December 2015 Archives
Mon Dec 14 14:35:02 ICT 2015
Installing pine/alpine on FreeBSD
pine/alpine need a patch to read maildir mailboxes; the package on FreeBSD does not offer this patch.
In /usr/ports/mail/alpine do a make patch.
Change to work directory and apply the patch from ~on/Alpine-2.20/maildir.patch.
The patch fails to install the files maildir.h and maildir.c in the proper directory imap/c-client/, you have to do that by hand.
Change to alpine-2.20 directory and run configure with the needed options, you must at least disable SSL (--without-ssl), other options like IPv6, kerberos, tcl are not needed either. I used:
./configure --without-ipv6 --without-tcl --without-ldap --without-krb5 --without-ssl
make and install by hand.
Wed Dec 2 13:19:05 ICT 2015
Configuring Mac OS X for CSIM
Quite some work is needed to make Mac OS X behave in CSIM environment. The default configuration of Apple system is not much stadard. In this note, I tried to list all I had to do to configure our iMac.
When installing Mac OS X, a local account is created on the machine, with root. privileges. The account name is toor and the password is the administrator password of the PCs.
Host name
Set the hot name at command line with:
sudo scutil --set Hostname name
Then set the host name in the Sharing panel in the Preferences. Also selet Remote Login, for All Users to allo sshd.
Mounting /home
To mount CSIM home directories automatically, create the directory /home then add:
oak.cs.ait.ac.th:/home /home nfs -P,-i, -b 0 0
in /etc/fstab
The mount(8) must be automatically executed at boot time, this is done by adding ~on/MacOSX/fstab.plist into /Library/LaunchDaemon.
Mail service
postfix must be configured to send all email to CSIM mail server, you must configure the fle /etc/postfix/main.cf and add the lines:
masquerade_domains = cs.ait.ac.th relayhost = mail.cs.ait.ac.th mydomain = cs.ait.ac.th myorigin = $mydomain
Printers
Printers are configured with he service lpr on the remote host banyan.cs.ait.ac.th.
Install AIT root certificates
Install http://cs.ait.ac.th/ait-itserv.crt and http://cs.ait.ac.th/ait-new.crt.
With Mac OS X 10.11, only the second one is necessary, the system will not allow self signed root CA with MD5 algorithm.
Root certificates must be installed to be allways trusted.
User authentication with OpenLDAP
In the control panel for Users, in Account login option, select Allow net user to login at login window
In Open Directory, add one entry for ldap2.cs.ait.ac.th.
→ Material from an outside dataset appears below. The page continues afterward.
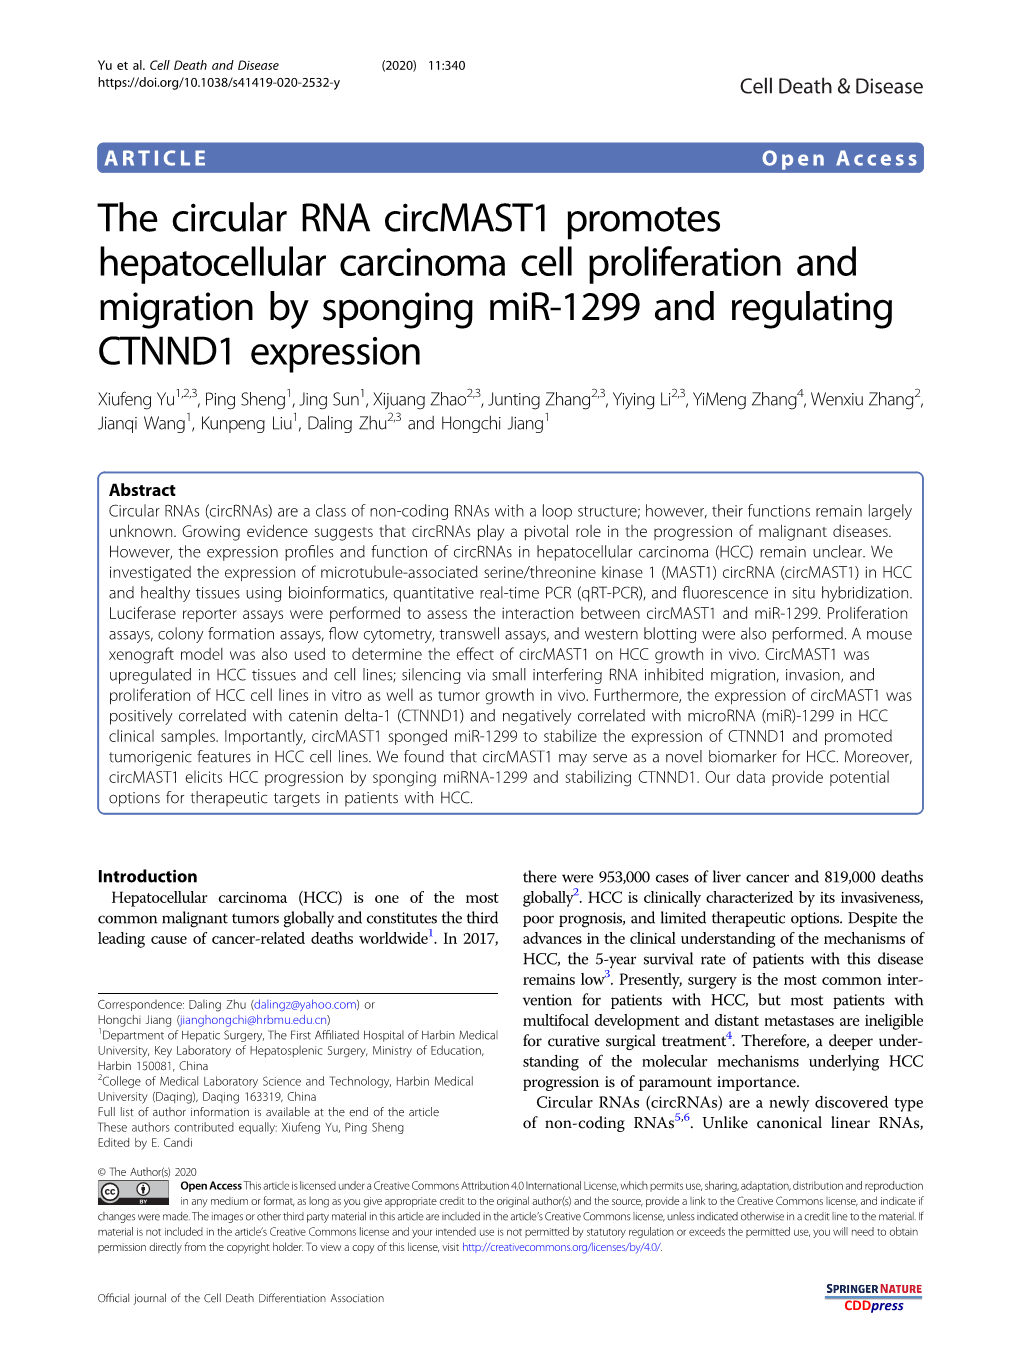 The Circular RNA Circmast1 Promotes Hepatocellular Carcinoma Cell

The exact configuration for LDAP is obtained by copying ~on/MacOSX/ldap2.cs.ait.ac.th.plist into /Library/preferences/OpenDirectory/Configuration/LDAPv3.
This .plist file contains all the configuration the LDAP server, including the mapping of Apple Open Diretory attributes into OpenLDAP attributes.
It also contains an important section that disable SASL authentication for DIGEST-MDS, GSSAPI, CRAM-MD5 and NTLM. In Mac OS X 10.6, there were not such a problem as authentication was only basend on Simple Bind. But 10.7 and later introduced SASL authentication; it must be disabled.
Denied SASL Methods = Array {
DIGEST-MD5
GSSAPI
CRAM-MD5
NTLM
}
The .plist file is read and edited with /usr/libexec/PlistBuddy.
In the Directory Utility, you must add LDAP to the Search Policy for both Authentication and Contacts. Authorisation should read:
/local/default /LDAPv3/ldap2.cs.ait.ac.th
and Contacts should read:
/LDAPv3/ldap2.cs.ait.ac.th /local/default
Users that are members of LDAP Group admin have
administrator and
Configure the screen saver
In the Preference, change the Energy saving to never turn the system to sleep: the system is not really clever at recognizing when it is active and would turn to sleep in the middle of a file transfer!
Set a screen saver and in the Security and Privacy panel set the Require password immediately after sleep or screen saver.